Littman Cohen, an Israeli artist, who collaborated with Peretz at the MOT on the installation also had an installation. She filmed ZAKA workers at the sites where they cleaned up after the attacks, one year later. The stares of their eyes into the camera tell so much — it’s worth visiting. She would interview them too. “The first ZAKA guy who came in, he looked like he wanted to kill me,” Littman Cohen said. “He was not interested in doing a portrait. He sat there with his arms crossed. I told him, ‘This is not about making you smile.’ I told him, ‘Just sit however you want, and if you want to tell me anything, I’m here to listen.’ And eventually he started talking.”

Littman Cohen said it was one of the most powerful things she’s ever been a part of. “These men went through hell, and they needed to be seen — not as symbols, but as people who did something unbearable,” Littman Cohen said. “I wanted the camera to honor that.”

Peretz is working on bringing those ZAKA volunteers to Los Angeles for a collaborative healing project called “The 8 Retreat.” “It’s not for me. It’s for them,” Peretz said. “They don’t have the opportunity to speak. They didn’t speak for a year. And now, we’re going to give them that opportunity. Not just to speak but to create.” Peretz has also been approached about expanding The 8 Project beyond Los Angeles. He has received requests from major different universities and Hillels and different organizations that want to have it as a pop-up. He’s considering taking it on tour. 

But even as his platform grows, Peretz says the core motivation hasn’t changed. “This is for the people who can’t tell the story. For the people who are not here anymore. I don’t care about the likes. I don’t care about the press. I care that someone feels like they were seen.” It still seems like Peretz is everywhere. Peretz continues showing up at nearly every communal event, while managing his studio, his family life, and his role as an artist.  

Even as his platform grows, Peretz says the core motivation hasn’t changed. “This is for the people who can’t tell the story. For the people who are not here anymore.”

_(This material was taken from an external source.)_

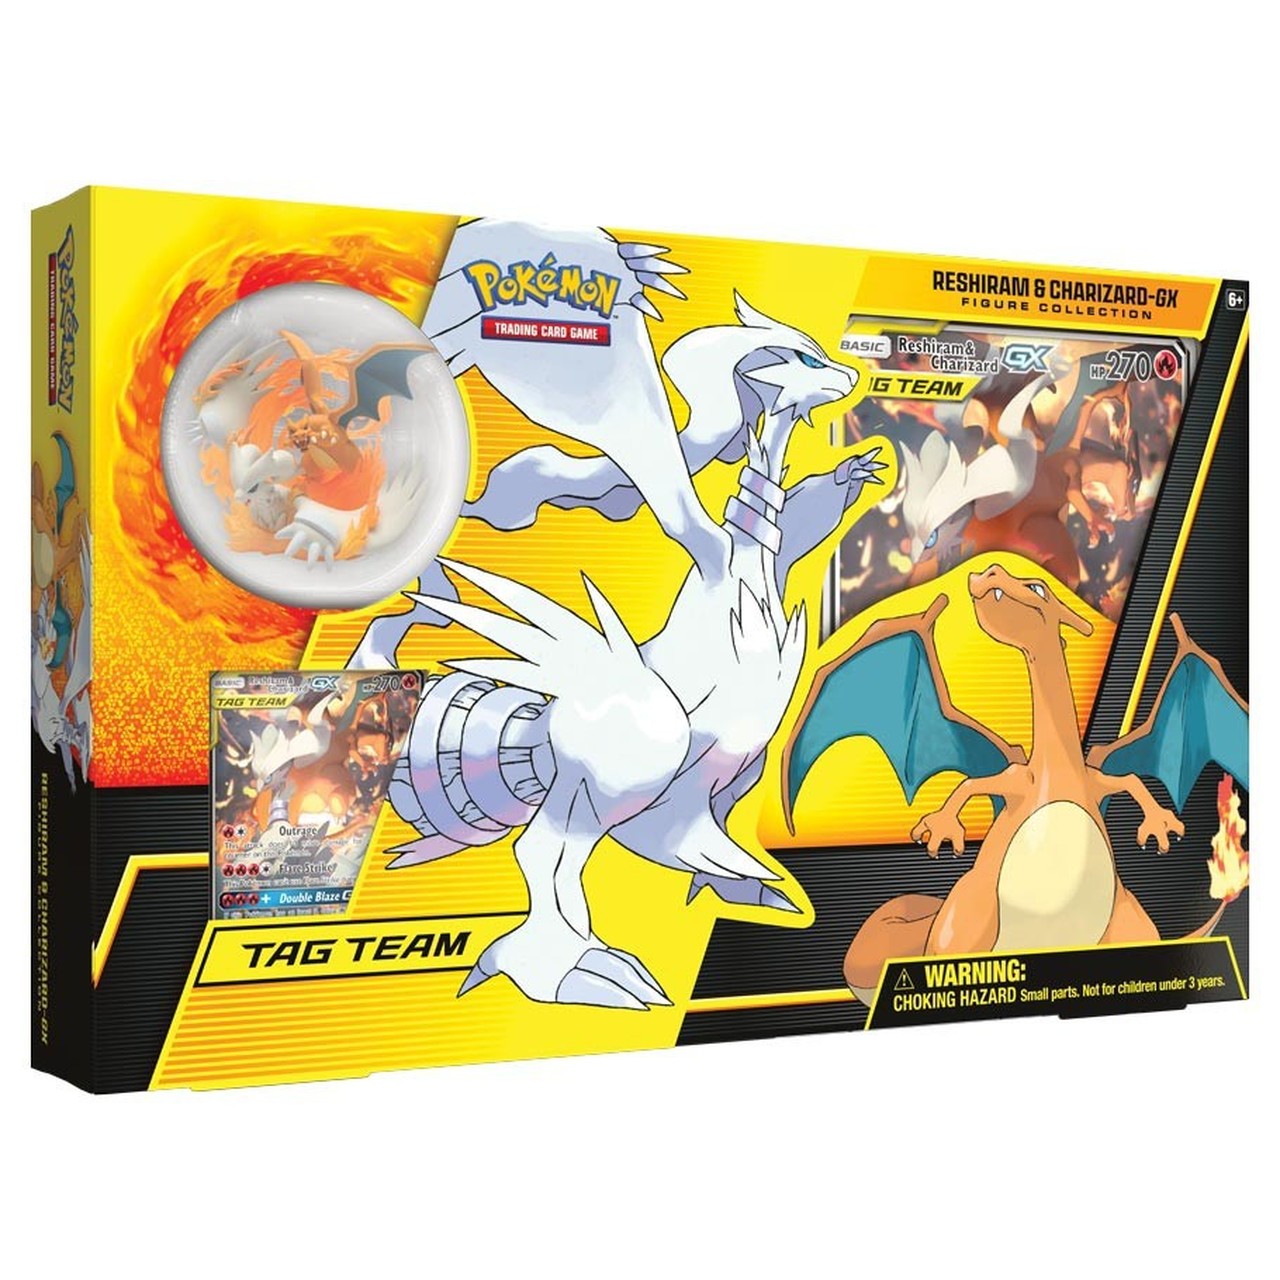 Pokémon TCG Reshiram & Charizard-GX Figure Collection Box - BigBoi Cards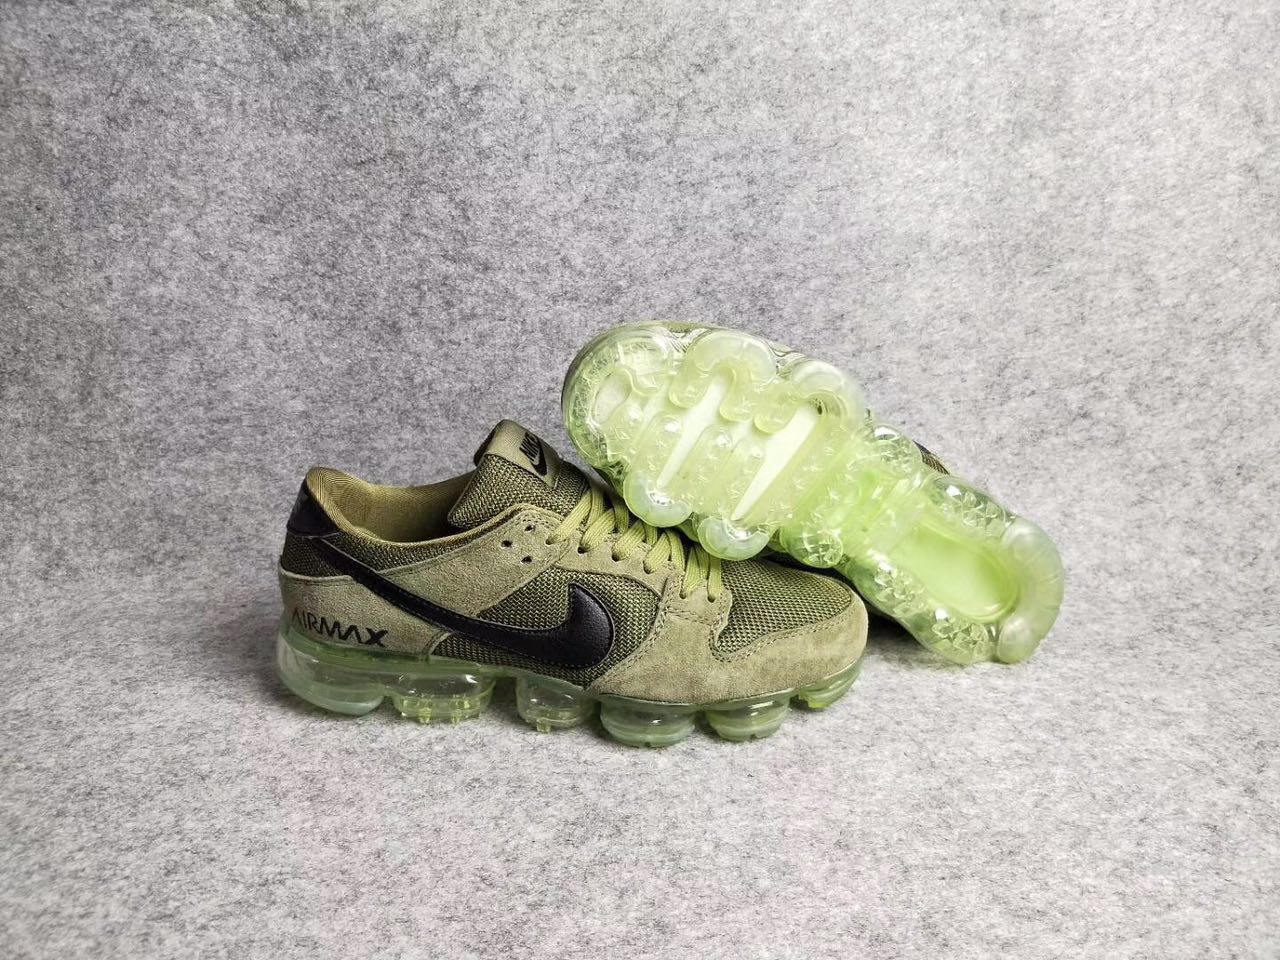 New Nike Air Max 2018 Army Green Black Shoes

Right before deadline, The Journal received a random call from Gabriella Karin, a 94-year-old Holocaust survivor and artist who wanted to talk about how she is the only Los Angeles Holocaust survivor going to the March of the Living in Poland in April 2025. Karin wanted to talk about the upcoming journey — her 11th — and her 32 years of sculpting art for her own healing. Without any provocation, she added that after she returns from March of the Living, she and Peretz have plans to collaborate and help others confront history. 

Gabriella Karin said “when I walked through [Peretz’s MOT exhibit], I saw that this is the way to speak about trauma,” Karin told the Journal. “Not lectures. Not numbers. Not just books. Art. That’s what people remember.”

Karin said that Peretz is on the right path because “he is not doing this for attention, he is doing it to tell the truth. And people feel that. You can’t fake that. For me, at my age, I am still making art because I want the next generation to feel. I see that in Tomer’s work. He is doing what needs to be done.”